3. **Flush.** When the window expires or hits the workers safety cap (configurable), the worker renders a digest template and emits a single delivery with status `Digested`.
4. **Audit.** The delivery ledger links back to the digest document so operators can inspect individual items and the aggregated summary.
---
## 2. Storage model
Digest state lives in Mongo (`digests` collection) and mirrors the schema described in [modules/notify/architecture.md](../modules/notify/architecture.md#7-data-model-mongo):
```json
{
"_id": "tenant-dev:act-email-compliance:1h",
"tenantId": "tenant-dev",
"actionKey": "act-email-compliance",
"window": "1h",
"openedAt": "2025-10-24T08:00:00Z",
"status": "open",
"items": [
{
"eventId": "00000000-0000-0000-0000-000000000001",
"scope": {
"namespace": "prod-payments",
"repo": "ghcr.io/acme/api",
"digest": "sha256:…"
},
"delta": {
"newCritical": 1,
"kev": 1
}
}
]
}
```
- `status` reflects whether the window is currently collecting (`open`) or has been completed (`closed`). Future revisions may introduce `flushing` for in-progress operations.
- `items[].delta` captures aggregated counts for reporting (e.g., new critical findings, KEV, quieted).
- Workers use optimistic concurrency on the document ID to avoid duplicate flushes across replicas.
---
## 3. Rendering and templates
- Digest deliveries use the same template engine as instant notifications. Templates receive an additional `digest` object with `window`, `openedAt`, `itemCount`, and `items` (findings grouped by namespace/repository when available).
- Provide digest-specific templates (e.g., `tmpl-digest-hourly`) so the body can enumerate top offenders, summarise totals, and link to detailed dashboards.
- When no template is specified, Notify falls back to channel defaults that emphasise summary counts and redirect to Console for detail.
---
## 4. API surface
| Endpoint | Description | Notes |
|----------|-------------|-------|
| `POST /digests` | Issues administrative commands (e.g., force flush, reopen) for a specific action/window. | Request body specifies the command target; requires `notify.admin`. |
| `GET /digests/{actionKey}` | Returns the currently open window (if any) for the referenced action. | Supports operators/CLI inspecting pending digests; requires `notify.read`. |
| `DELETE /digests/{actionKey}` | Drops the open window without notifying (emergency stop). | Emits an audit record; use sparingly. |
All routes honour the tenant header and reuse the standard Notify rate limits.
---
## 5. Worker behaviour and safety nets
- **Idempotency.** Flush operations generate a deterministic digest delivery ID (`digest:<tenant>:<actionId>:<window>:<openedAt>`). Retries reuse the same ID.

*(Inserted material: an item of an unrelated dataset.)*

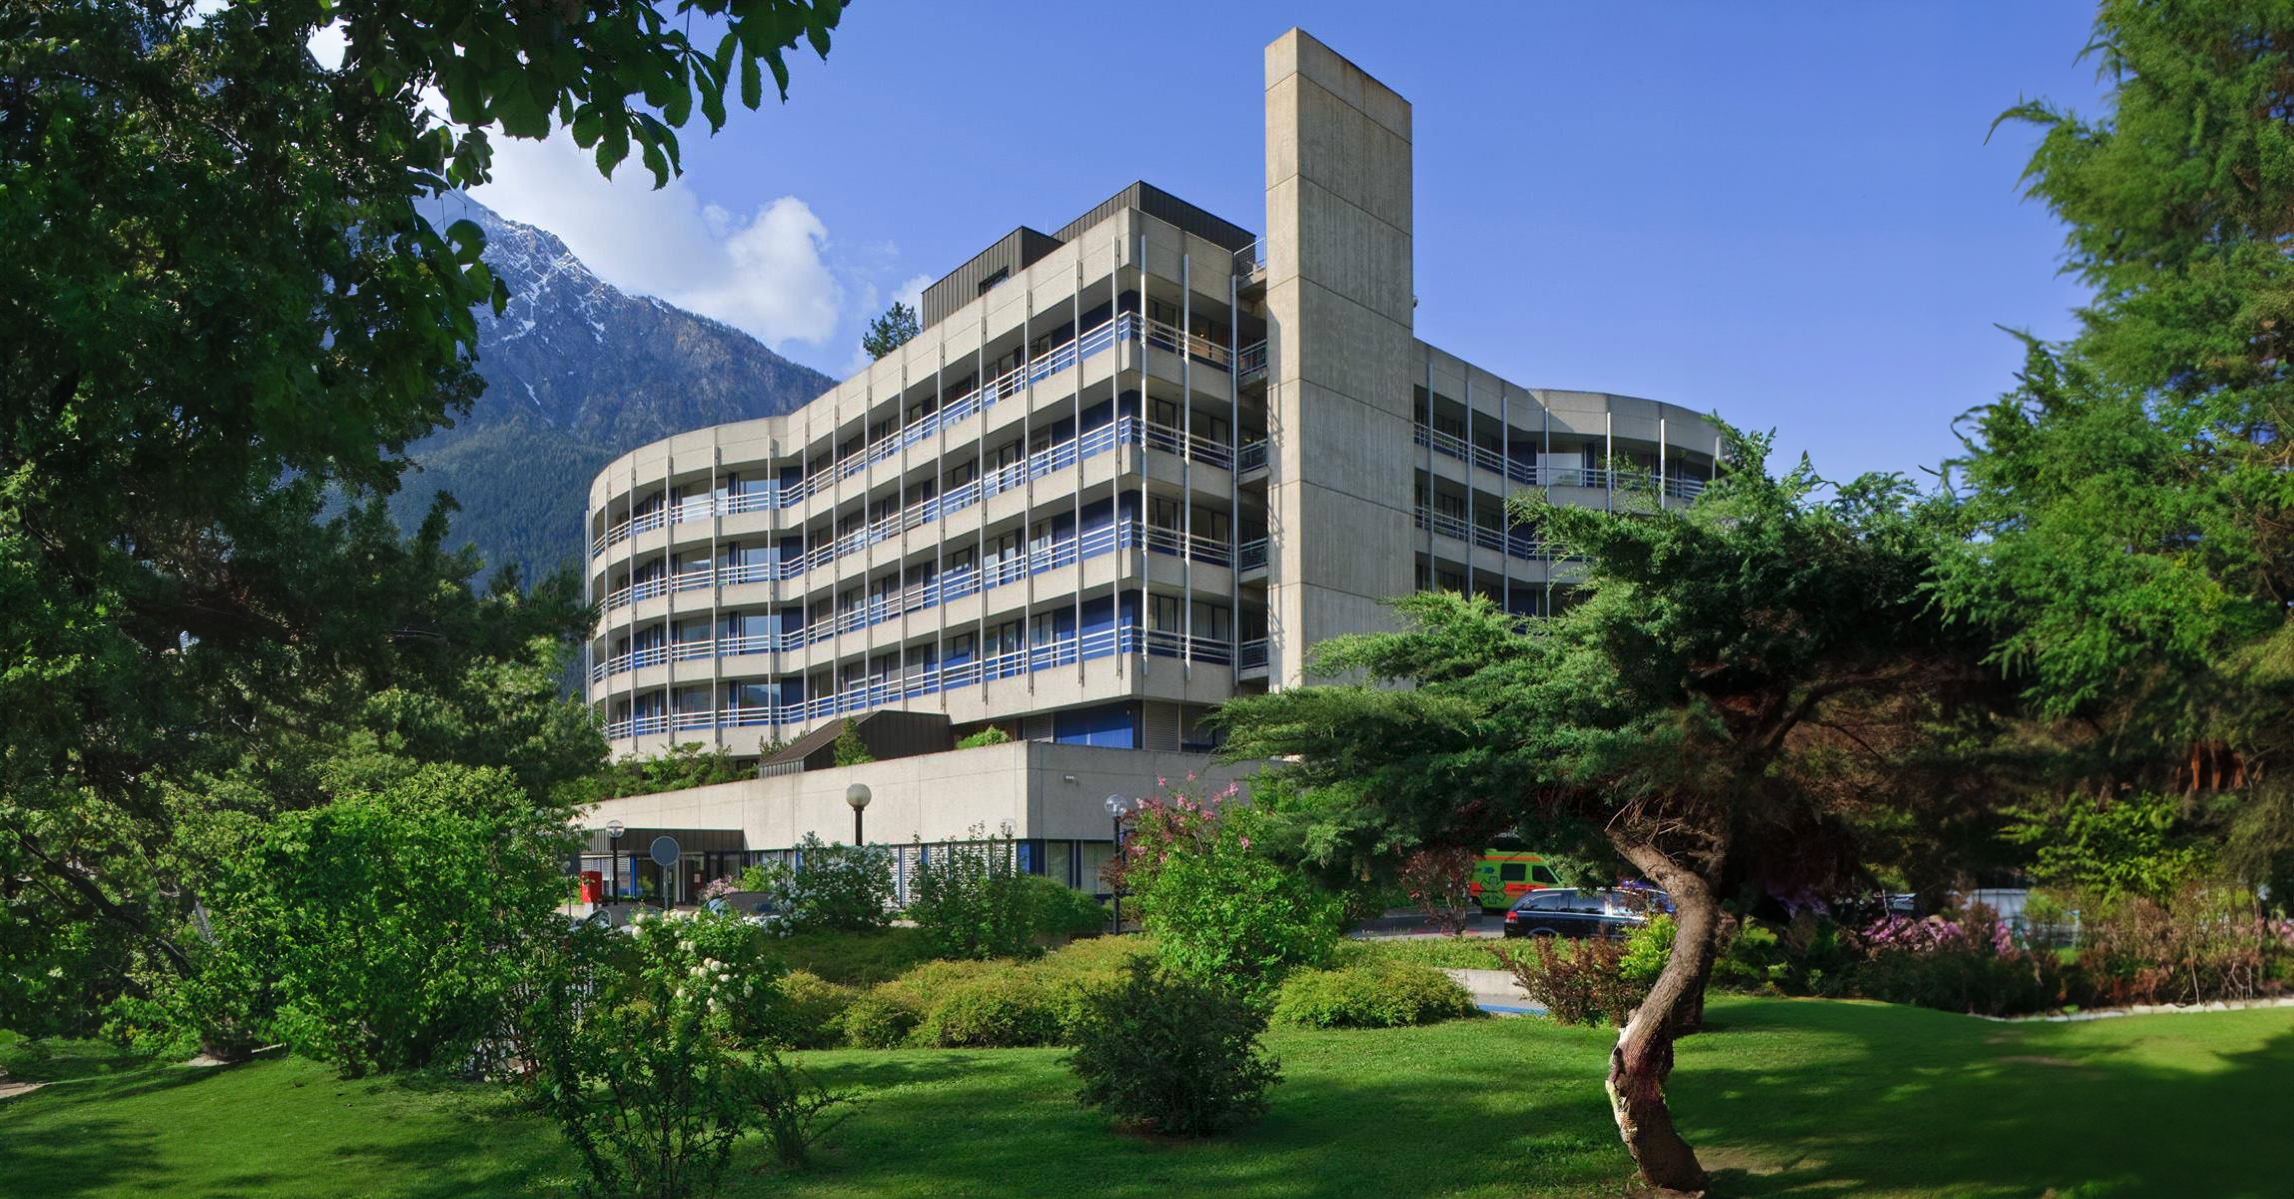 Illustracja do wpisu: Spitalzentrum Oberwallis. Wizyta w sercu szwajcarskich Alp.

- **Throttles.** Digest generation respects action throttles; setting an aggressive throttle together with a digest window may result in deliberate skips (logged as `Throttled` in the delivery ledger).
- **Quiet hours.** Future sprint work (`NOTIFY-SVC-39-004`) integrates quiet-hour calendars. When enabled, flush timers pause during quiet windows and resume afterwards.
- **Back-pressure.** When the window reaches the configured item cap before the timer, the worker flushes early and starts a new window immediately.
- **Crash resilience.** Workers rebuild in-flight windows from Mongo on startup; partially flushed windows remain closed after success or reopened if the flush fails.
---
## 6. Operator guidance
- Choose hourly digests for high-volume compliance events; daily digests suit executive reporting.
- Pair digests with incident-focused instant rules so critical items surface immediately while less urgent noise is summarised.
- Monitor `/stats` output for `openDigestCount` to ensure windows are flushing; spikes may indicate downstream connector failures.
- When testing new digest templates, open a small (`5m`) window, trigger sample events, then call `POST /digests/{actionId}/flush` to validate rendering before moving to longer cadences.
---
> **Imposed rule reminder:** Work of this type or tasks of this type on this component must also be applied everywhere else it should be applied.